I met with a second surgeon regarding my left shoulder last week. He’s a sports medicine expert, specializing in shoulders. He had a new ex-ray taken when I arrived and reviewed an electronic copy of my cat scan and MRI. We talked a bit as he pulled on my arms and rattled statistics to his assistant who recorded each word. He used phrases like interior rotation, exterior rotation, degrees of mobility, and tested to see how far he could pull my arm before I gave up and said, “uncle”. The two I remember most clearly were associated with how high I can extend each arm. I can extend my right arm 160 degrees while my left stops at 90. On top of the mobility issues, my left shoulder hurts all day every day. That’s the problem.
I explained that my first surgeon had referred me to him because he didn’t believe I had enough bone in my shoulder socket left for him to complete the surgery. The bone had deteriorated until it was too thin for him to work with. “Your arthritis has worn away the bone.” And then he said, “If it can happen, the sports med guy will know”.

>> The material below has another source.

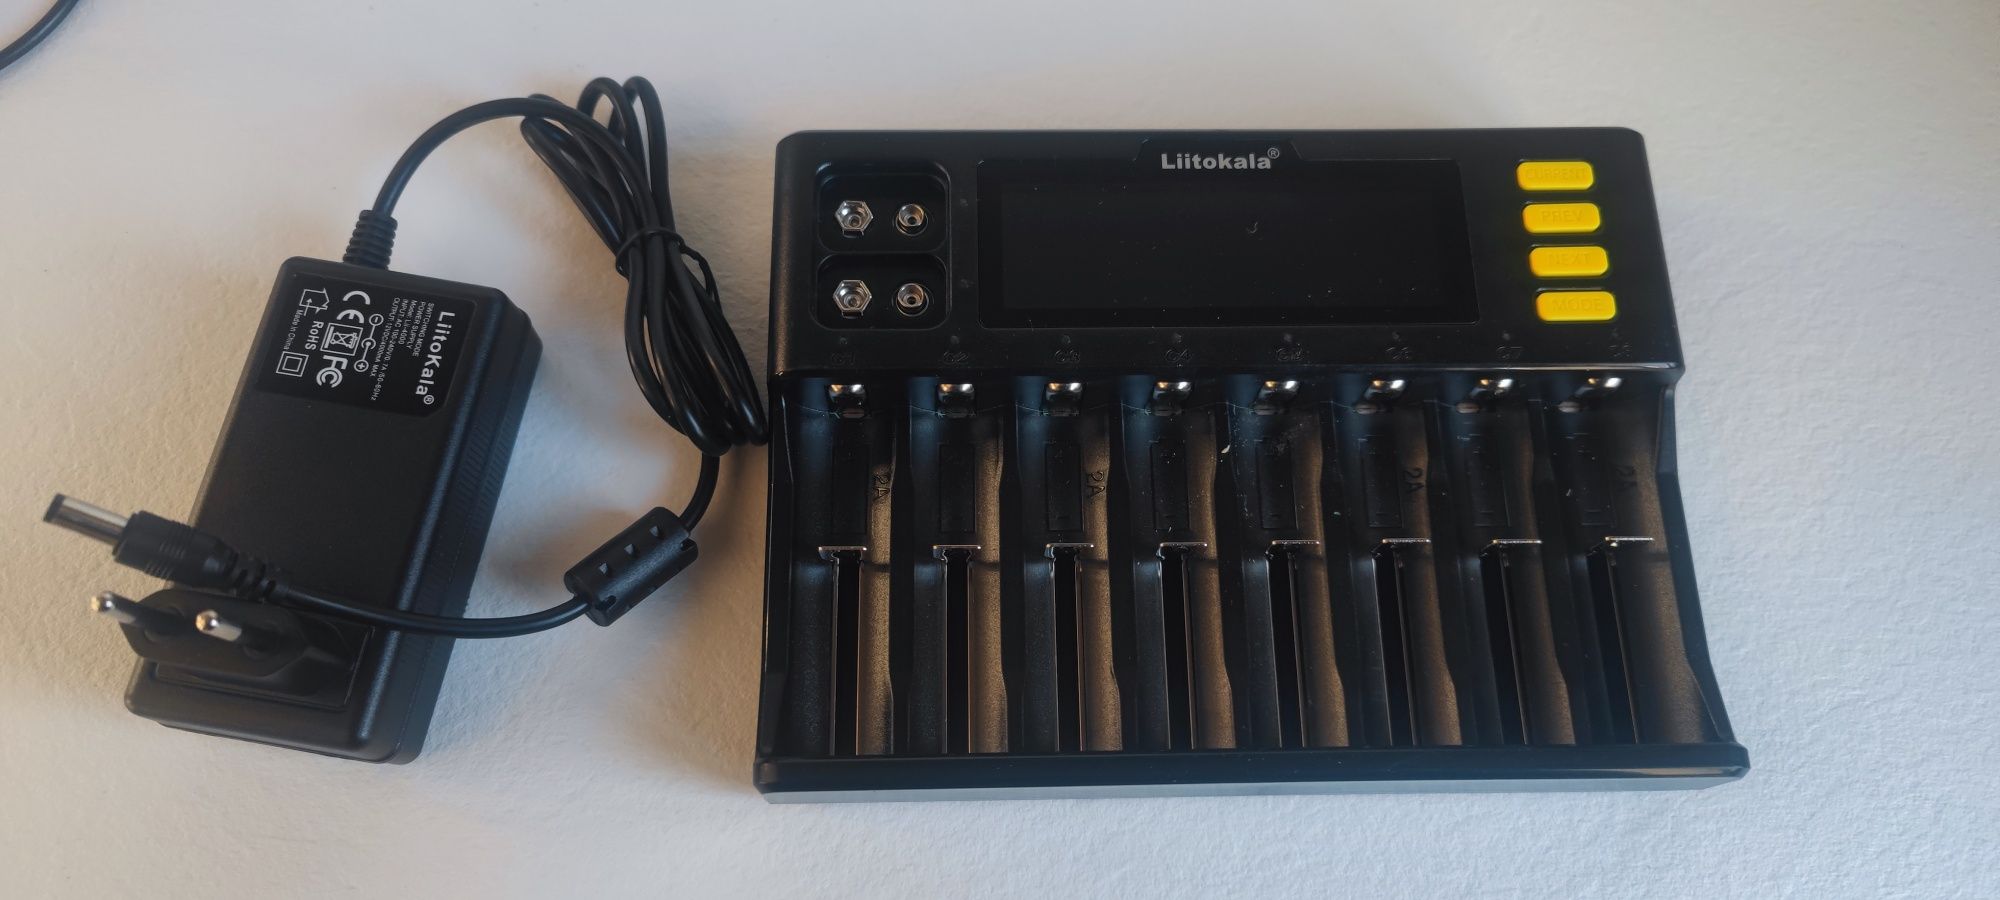 LiitoKala Lii-S8 Професионално, зарядно и тестер за батерии LiitoKala

After all the questions, measurements, and document reviews, my new guy said, “I can do this. Your first doctor was wise to send you here. We work with a company in France. We have a computer system that allows us to duplicate the surgery electronically. We develop a model and follow the model. We’ve been very successful.” At least that’s this layman’s version of his explanation.
People have their shoulder joints replaced because of a variety of reasons. They don’t want to have surgery, but they prefer to live a more active life. Typically, people experience one or more of the following.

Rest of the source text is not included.